Teacher say: Given a directed a-cyclic graph $G = (V , E)$, with negative edges weights, now We can claim that, Dijkstra's relaxation function do $\Omega(2^n)$ relaxation edges, but every times i think, i get stuck to prove it. In addition, I found reference of This problem come from "Jeff Erickson, Algorithms text book".
Anyone can give me a hint to construct an example to prove it?

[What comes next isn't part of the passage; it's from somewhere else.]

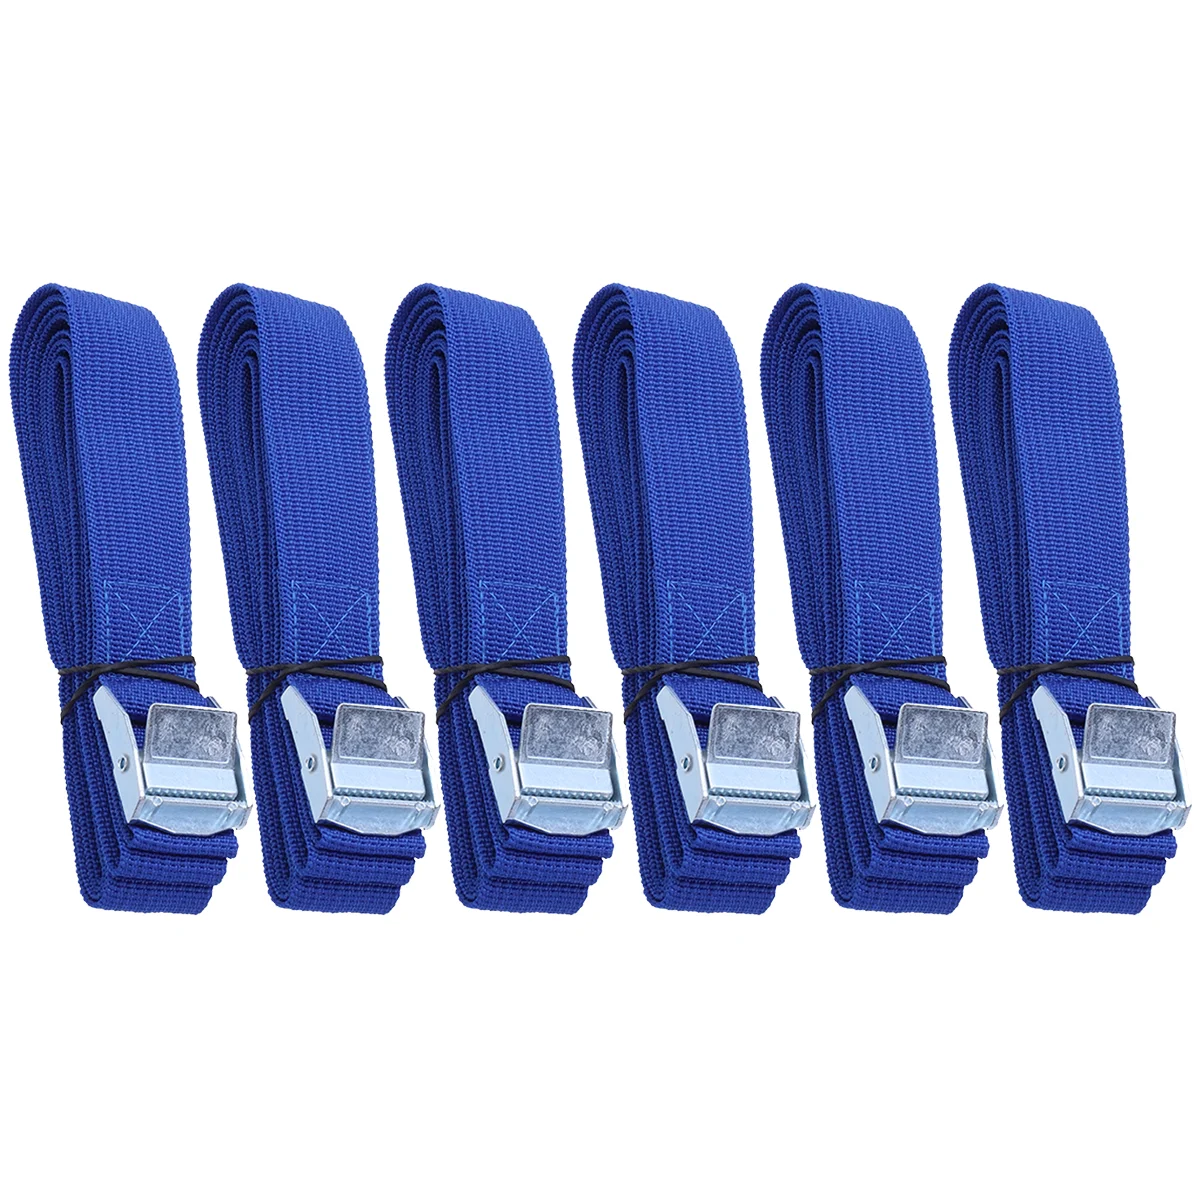 

6PCS Polyester Quick Release Lashing with Buckle Tying Straps for Cargo Tie Down Car Roof Rack Luggage Kayak Carrier Motorcycle

The standard implementation of Dijkstra does not work with negative edge weights. This is due to its greedy nature. Here is an example:
Consider the directed graph $G=(V,E)$ with $E=\{(a,b, 4), (a, c, 2), (b, c, -3)\}$ and assume that we want to find the shortest path from $a$ to $c$. Dijkstra's algorithm will extract vertex $c$ from the queue before it will extract $b$ and report $2$ as the shortest path from $a$ to $c$. But the correct answer would have been $1$ ($a \to b$, $b \to c$).
However, if we restrict $G$ to the acyclic case, we can make Dijsktra’s algorithm work for negative weights but we must allow visiting vertices more than once (meaning, we do not mark vertex $c$ as closed).
However, this leads to calculating each possible path from $a$ to $c$ and in the worst case there are $2^{n-2}$ possible paths in a directed acyclic graph on $n$ vertices (checkout this question and its answers), thus $\Omega(2^n)$.